The new study group has drawn the opposition of senior LDP and cabinet officials. Yosano Kaoru, minister without portfolio for economic and fiscal policy, suggested that the government should issue more bonds instead of printing currency. Shirakawa Masaaki, president of the BOJ, insisted that the policy would do precisely what its proponents intend, namely undermine the credibility of his bank and the health of the currency. The heads of the LDP's factions were equally critical of the proposal, with Tsushima Yuji, the eponymous head of the Tsushima faction, likening the proposal to the enten ponzi scheme.

In other words, this is yet another policy upon which the LDP is divided and unsure of how to proceed, yet another sign of the governing party's flailing about in hope of finding some way to save itself (and Japan).

Not being an economist, I cannot say whether this group's proposal is appropriate. After years of weak domestic aggregate demand, it may be that only drastic inflation may be the only way to make Japanese spend at home — or demand less liquid assets with higher returns — no matter how politically risky it is for the LDP. Pensioners, already angry at the government, will presumably be no less angry as they watch inflation erode their fixed incomes.

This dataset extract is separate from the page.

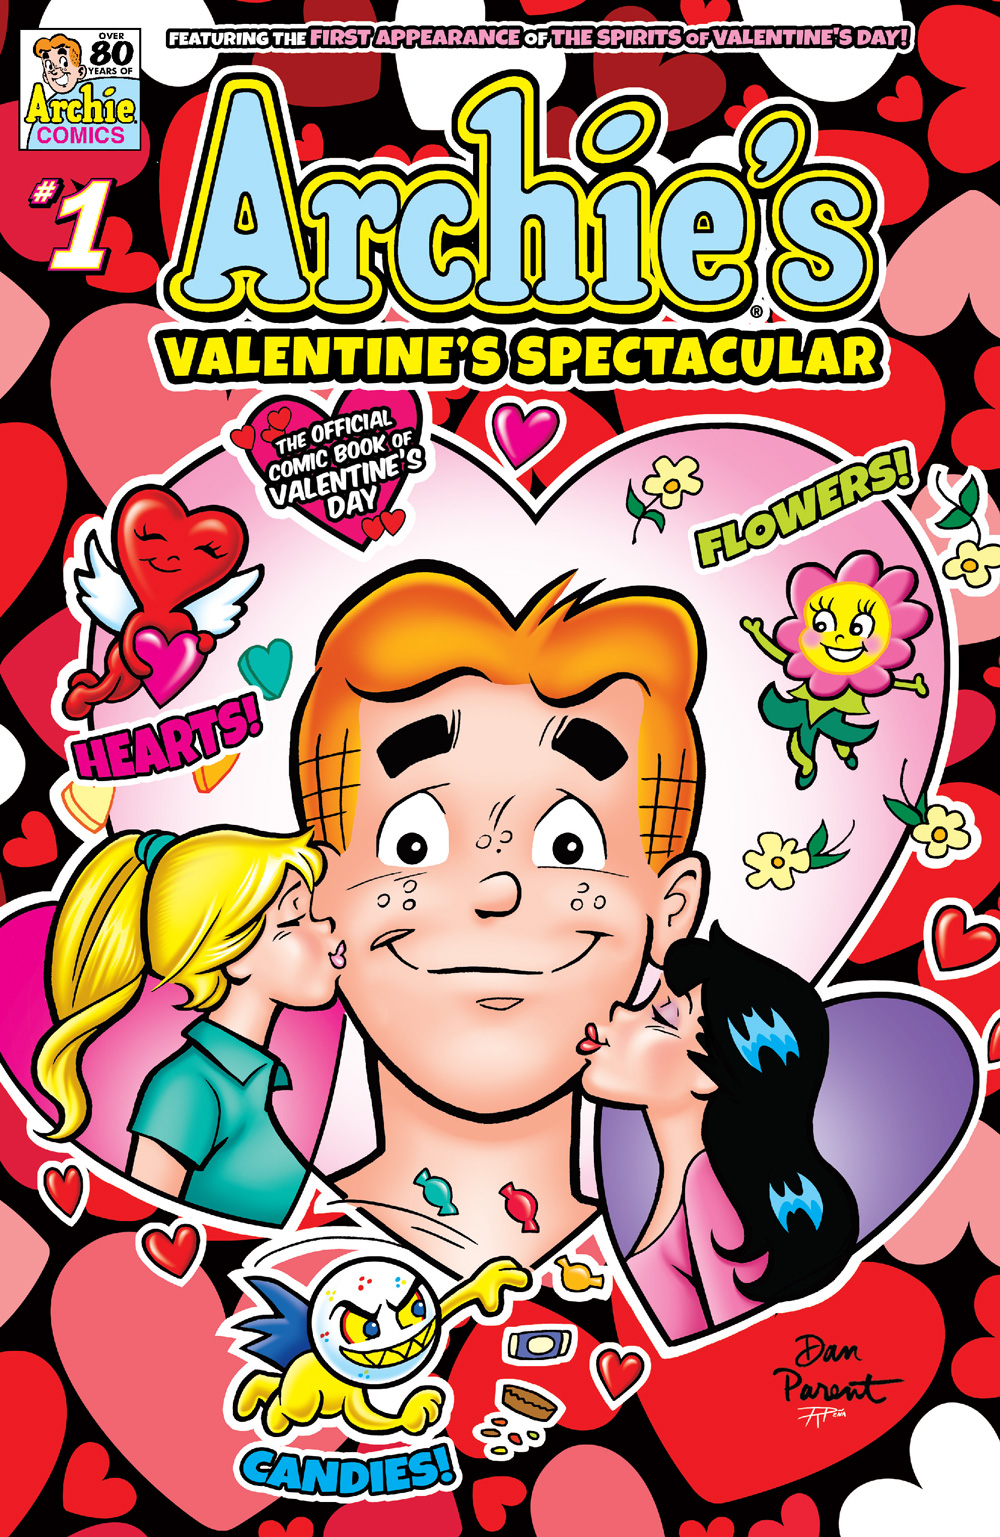 Archie gets kissed by Betty and Veronica on each cheek while the Spirits of Valentine's Day float around them. The spirits are Hearts, a heart with angel wings, Flowers, a smiling yellow Daisy in a dress, and Candies, a hard white candy with a mischeivous grin on his face.

But however appropriate the inflationary proposal, it may be beyond the power of the Aso government to implement. Whatever legitimacy the LDP-Komeito government had is now in tatters. The prime minister's latest misstep is to call for the revision of the postal privatization scheme, the very basis of the government's parliamentary supermajority. Mr. Aso questioned whether it is appropriate to divide the postal system into four companies, and stated that now is the time to revise the privatization scheme. He blithely stated that this position is wholly unrelated to the 2005 election that gave the government its mandate. Public opinion may have changed since 2005, but to backtrack now makes a mockery of democratic legitimation. If the government wants to revert from a policy that was critical to returning the coalition to power, it should have to go to the people and ask for approval to change course. (Nakagawa Hidenao made this argument at his blog, as did DPJ member Nagashima Akihisa.)

Naturally LDP proponents of postal reform have been quick to criticize the prime minister for his naked appeal to find some issue that will rescue his sinking government. (It bears noting that Mr. Aso has spoken of preserving the quality of postal services, a major concern of the public when it comes to privatization.) Koizumi confidante Takebe Tsutomu was perhaps the most succinct in his criticism: "What nonsense! I wish he would be more discrete in his speech."

In short, the prime minister is gradually losing whatever ability he has to rally his party and the public to an agenda. He is incapable of setting priorities or taking decisive action. The halls of power echo with rumors of plots to unseat him.

It is unlikely that this shiftless prime minister is capable of deciding on so risky and decisive a policy as proposed by the new league.

This prime minister, his party, and his government are bereft of authority and legitimacy — and they appear determined to drag Japan into the abyss with them.

As MTC so eloquently observes, hopefully Secretary Clinton will take heed of the stench of decay when she visits Japan later this month.